He was referring to the U.S. Federal Aviation Administration (FAA) Modernization and Reform Act of 2012 — containing provisions for the safe integration of UASs into the NAS no later than Sept. 30, 2015 — that was signed into law in February.
“In manned aviation, it’s expected that pilots see and avoid traffic and other hazards,” said Bill de Groh, an American Eagle Airlines captain and chairman, ALPA Aircraft Design and Operations Group. “A new concept is introduced [for UASs], called sense-and-avoid, and attempts to close this gap. … UAs must be compatible with TCAS [traffic-alert and collision avoidance system]–equipped aircraft but also remain safely separated from all air traffic. ADS-B In [automatic dependent surveillance–broadcast] may eventually offer a possible solution to this issue” (see “Sense-and-Avoid Update.”). The FAA defines sense-and-avoid as “the capability of a UAS to remain well clear from and avoid collisions with other airborne traffic.”

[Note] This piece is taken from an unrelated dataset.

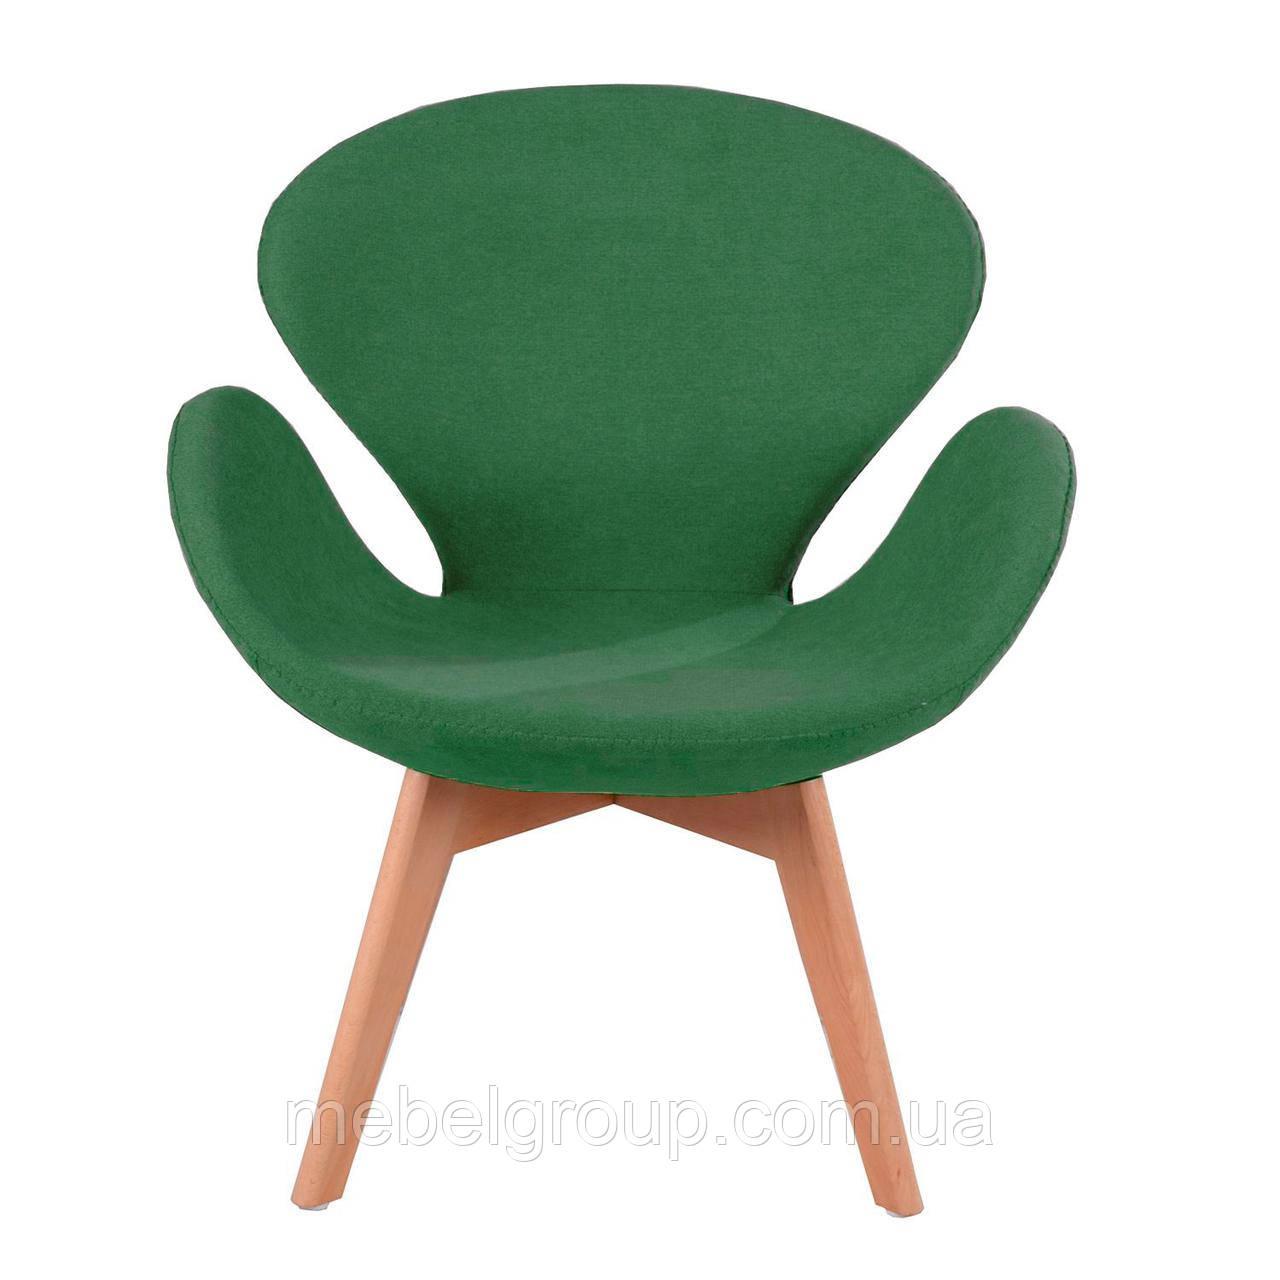 Кресло мягкое Сван зеленое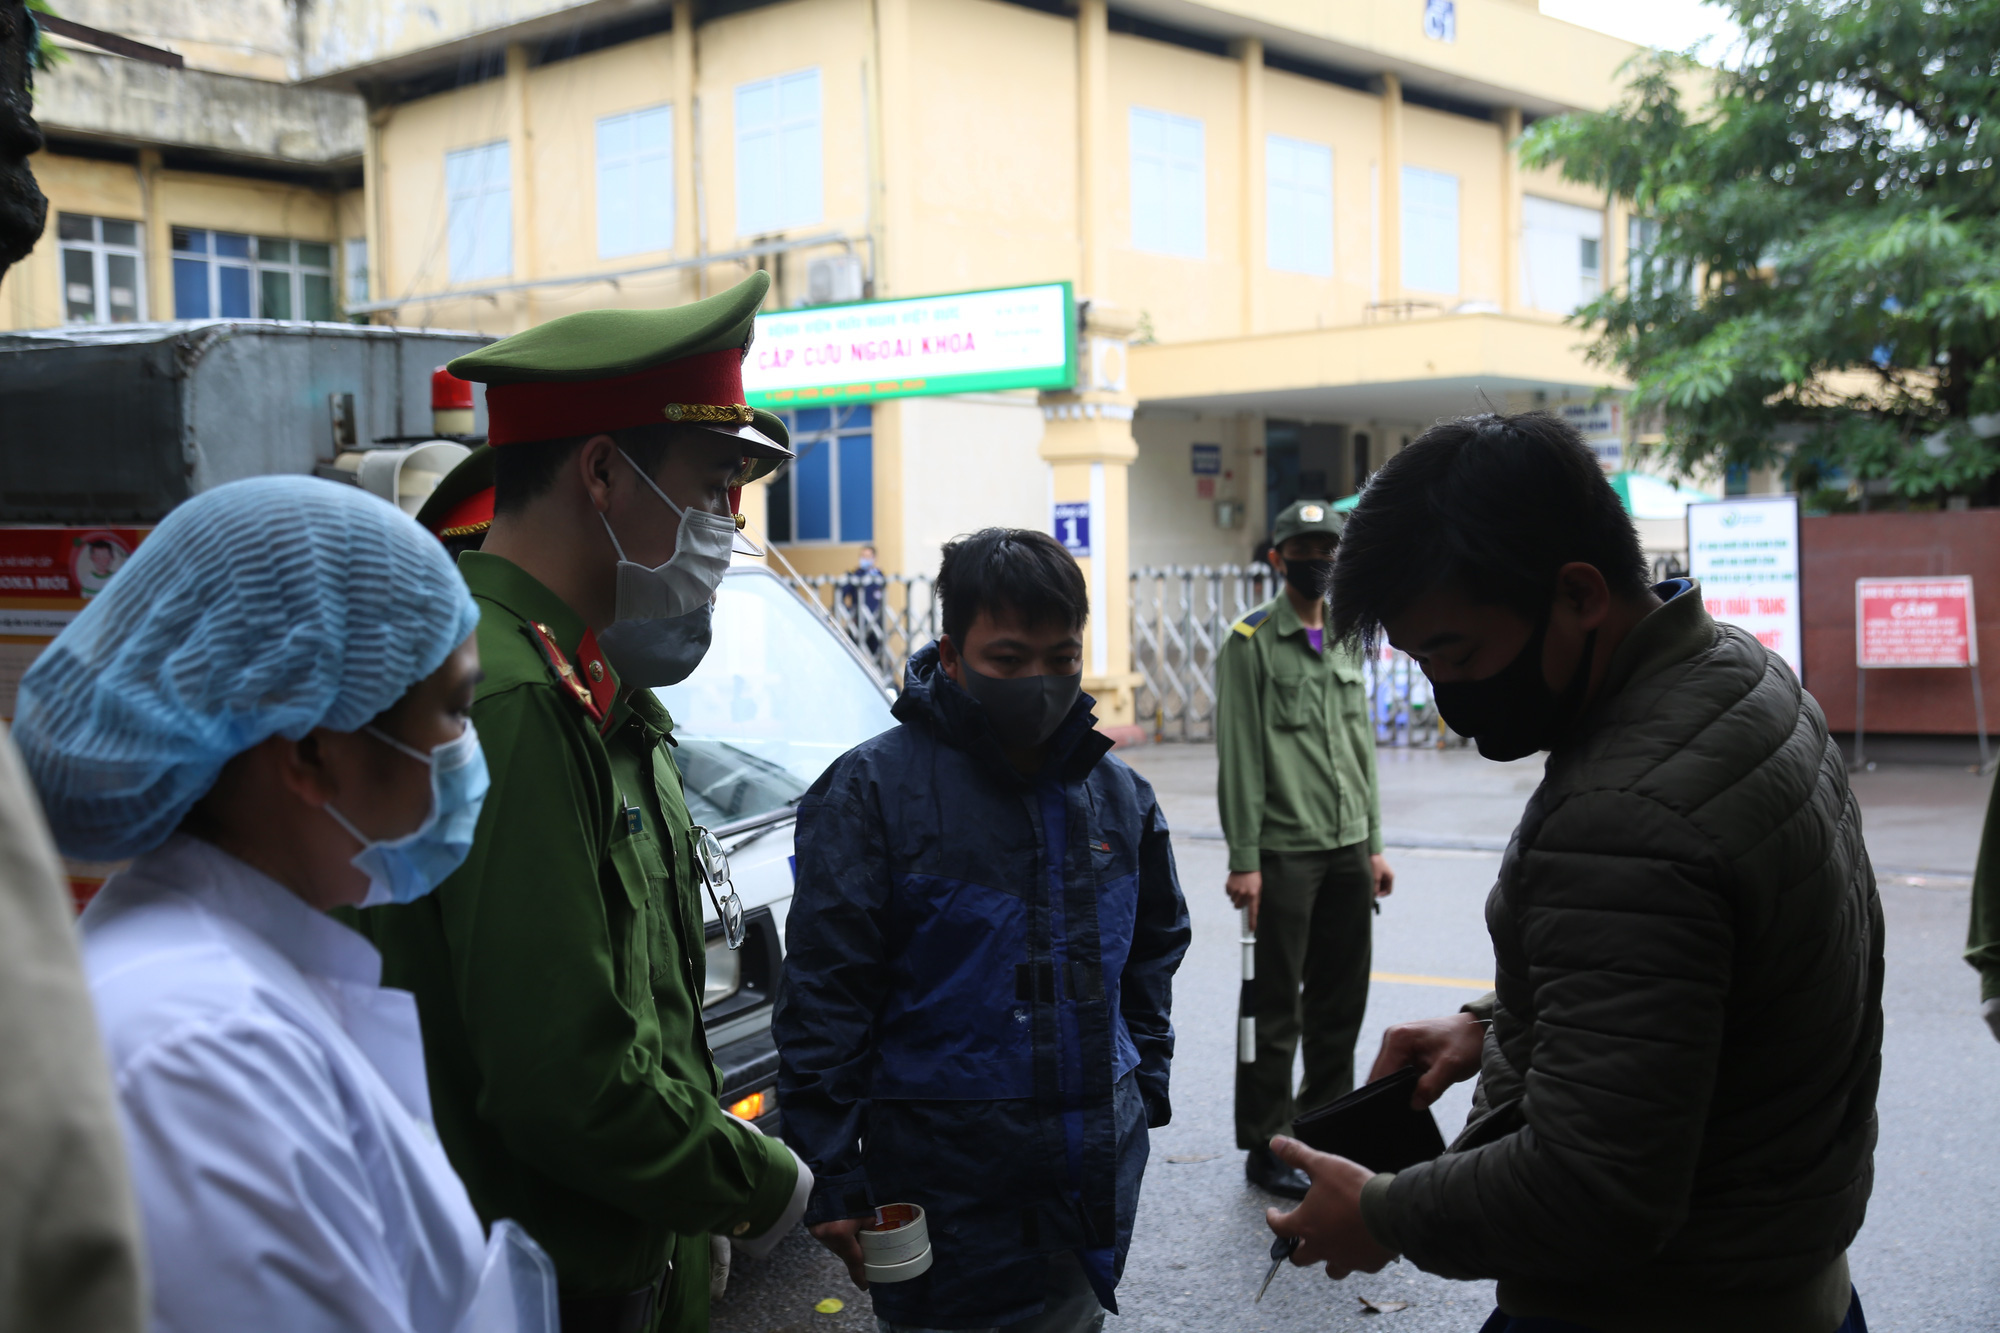 Bị triệu tập vì nghi ăn trộm, nam thanh niên dọa vừa từ Bạch Mai về để trốn công an - Ảnh 1.

Sense-and-Avoid Research Update
U.S. researchers in September observed the performance of two mature sense-and-avoid algorithms for unmanned aircraft systems (UASs) during a series of flight tests near Grand Forks, North Dakota. Flights comprised 120 encounters in which automatic maneuvers by a UA-surrogate airplane were expected to resolve virtual traffic conflicts with an intruder aircraft, participants said. A major purpose of the two weeks of flights was to compile data for later validation of sense-and-avoid computer simulations.
Complete results await final reports, but examples of successful conflict-avoidance maneuvers were replayed for AeroSafety World and other media representatives in a Web conference–based telephone briefing about the Limited Deployment–Cooperative Airspace Project (LD–CAP). The briefing was led by representatives of the U.S. National Aeronautics and Space Administration (NASA) Langley Research Center, MITRE Corp. and the University of North Dakota (UND) on behalf of all the research partners.1 LD-CAP, now midway through its two-year research agenda, plans to share results with the aviation research community and regulators, they said.
“What we want to do is create the scientific data that the community needs to make decisions about how to mitigate [UASs’] lack of see-and-avoid with a sense-and-avoid solution [for routine flight in non-segregated civil airspace],” said Andy Lacher, MITRE’s UAS integration lead. “We’re using the [flight] data to validate our computer models and inform the community about the performance and the viability of a cooperative, autonomous, sense-and-avoid algorithm. … We’re conducting this research using a [NASA-owned] surrogate unmanned aircraft — an SR22, it’s a Cirrus aircraft. … The sensor we are focused on in this research is … automatic dependent surveillance–broadcast [ADS-B]. … We don’t necessarily believe [ADS-B] is the sole sensor that would be appropriate for sense-and-avoid, but it is a good sensor to evaluate because of its excellent accuracy. It’s a good sensor source to be used for determining whether you can have an automatic algorithm.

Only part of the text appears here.